● Source material

--*--

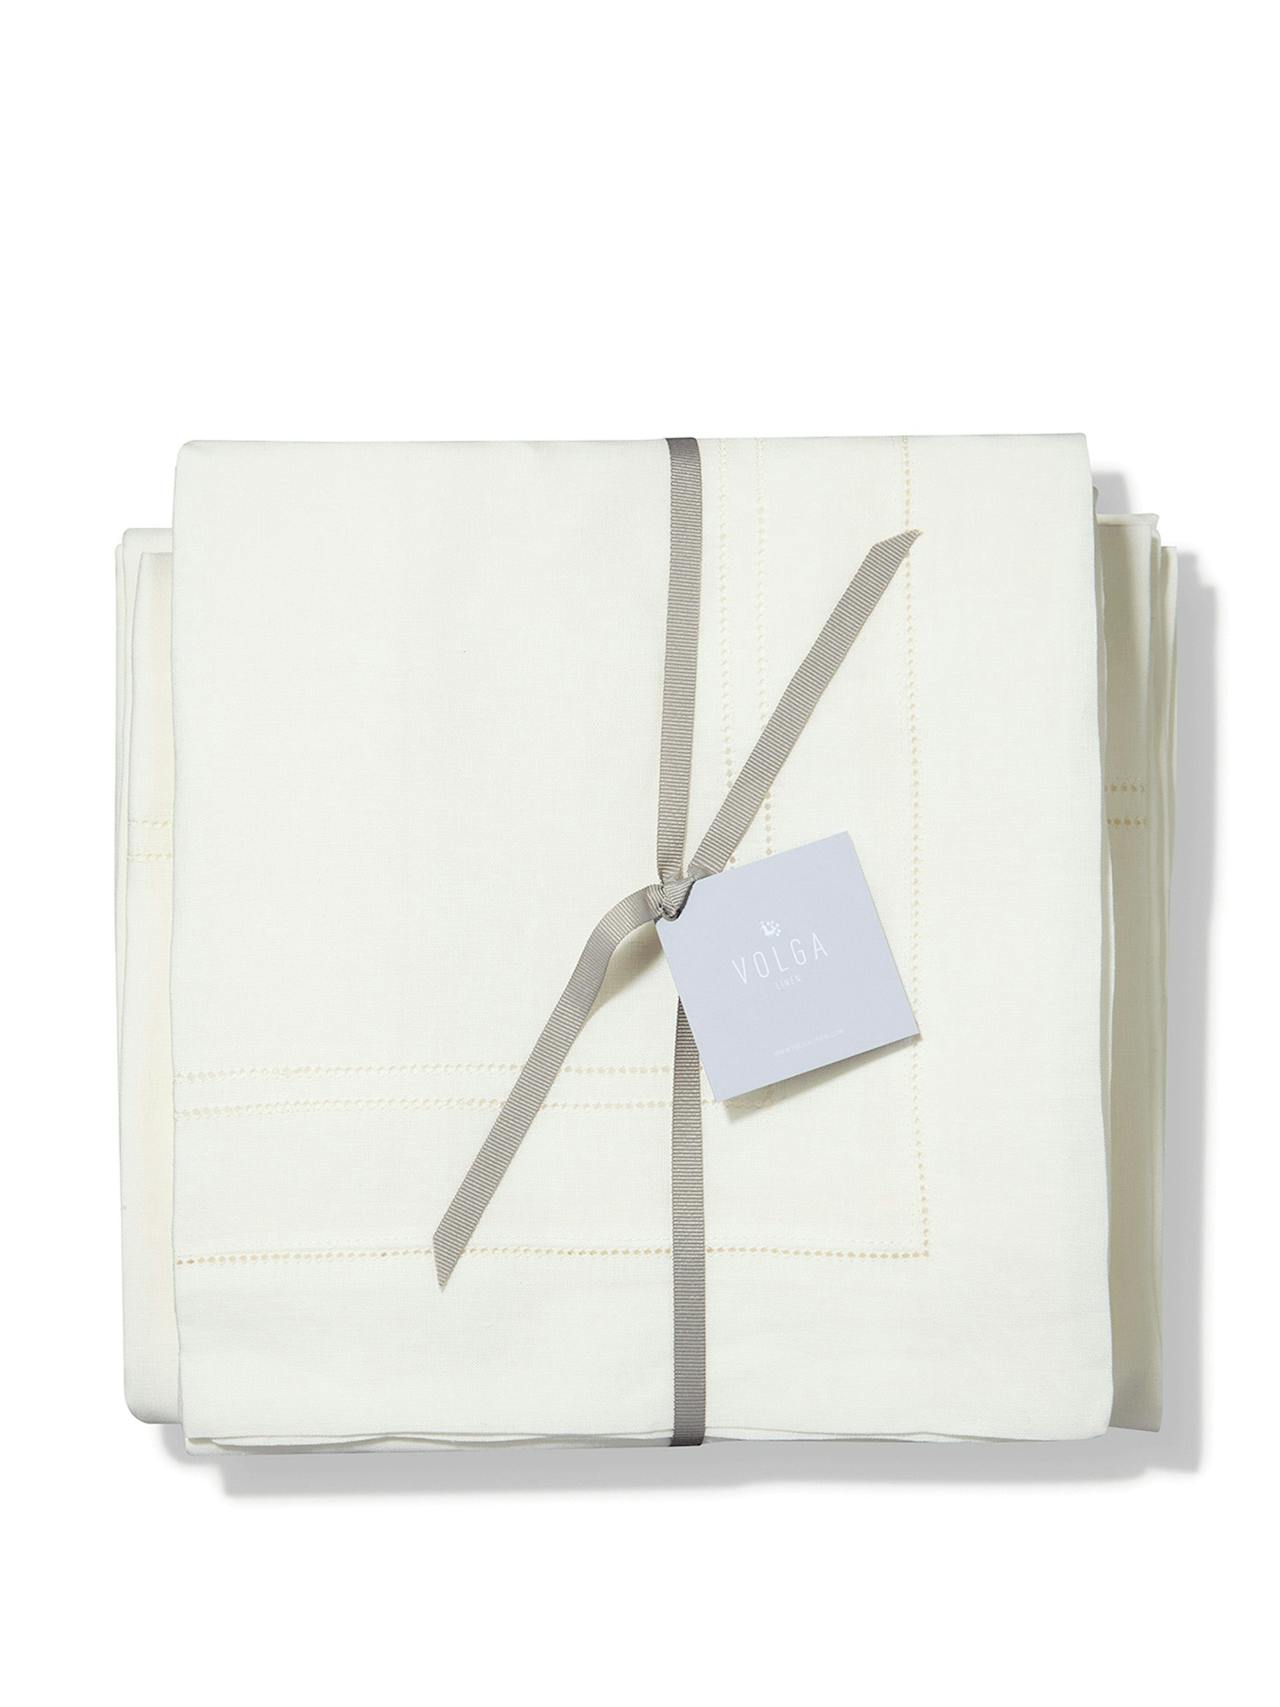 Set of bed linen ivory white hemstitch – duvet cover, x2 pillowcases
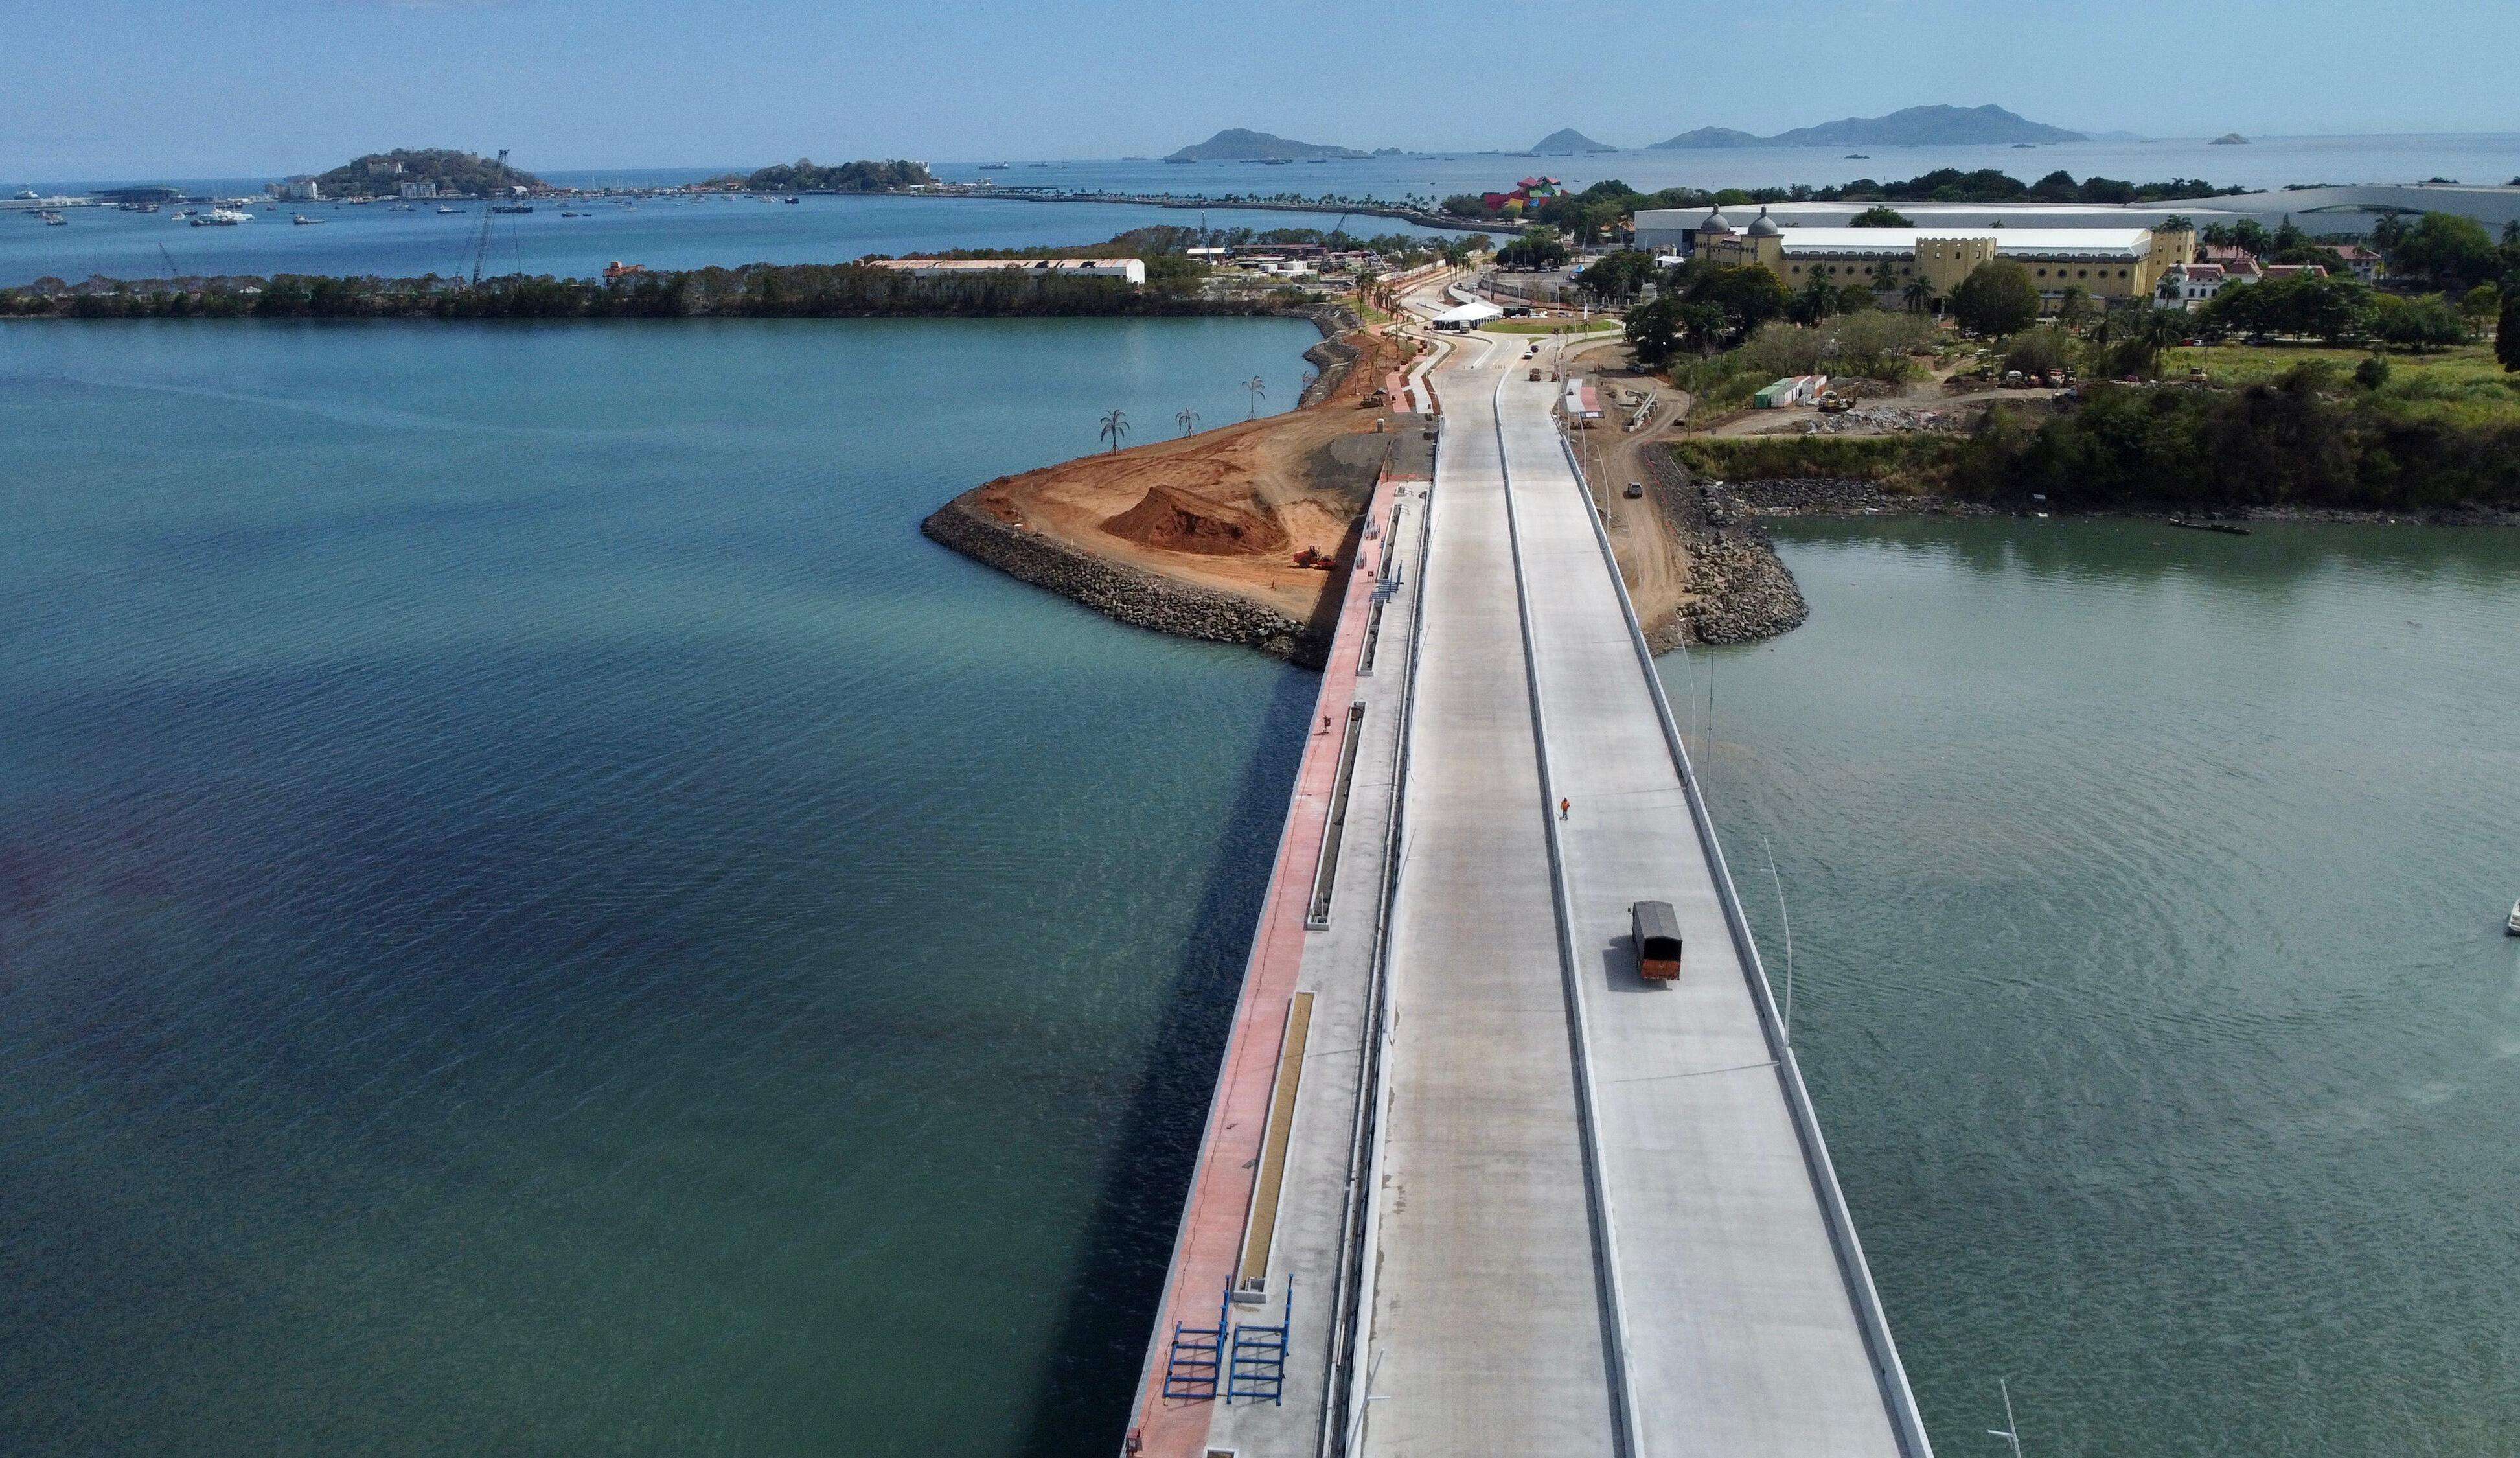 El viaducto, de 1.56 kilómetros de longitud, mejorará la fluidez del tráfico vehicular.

--*--

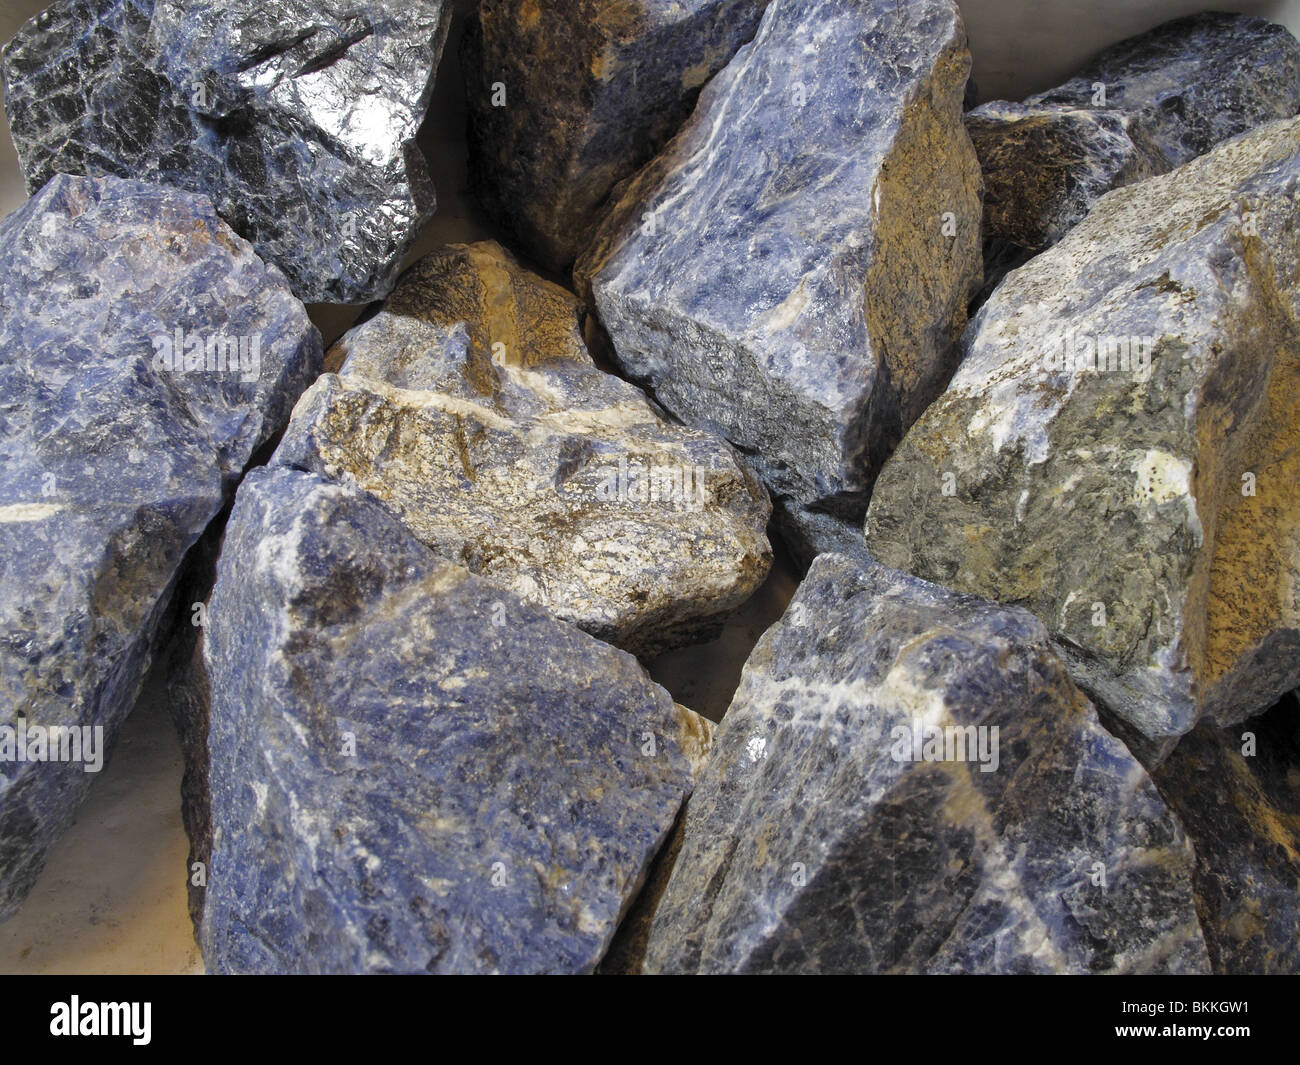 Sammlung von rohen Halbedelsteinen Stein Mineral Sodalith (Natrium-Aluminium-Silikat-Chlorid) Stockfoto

--*--

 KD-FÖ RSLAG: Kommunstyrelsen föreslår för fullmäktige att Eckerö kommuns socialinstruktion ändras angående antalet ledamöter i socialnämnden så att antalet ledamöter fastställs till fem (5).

--*--

● What needs to be done
Exactly the lines starting at the one above with "Set of bed linen" and ending at the one with "El viaducto, de" should be printed, and nothing else. Omit the pictures.

● Solution for this problem
 Set of bed linen ivory white hemstitch – duvet cover, x2 pillowcases
 El viaducto, de 1.56 kilómetros de longitud, mejorará la fluidez del tráfico vehicular.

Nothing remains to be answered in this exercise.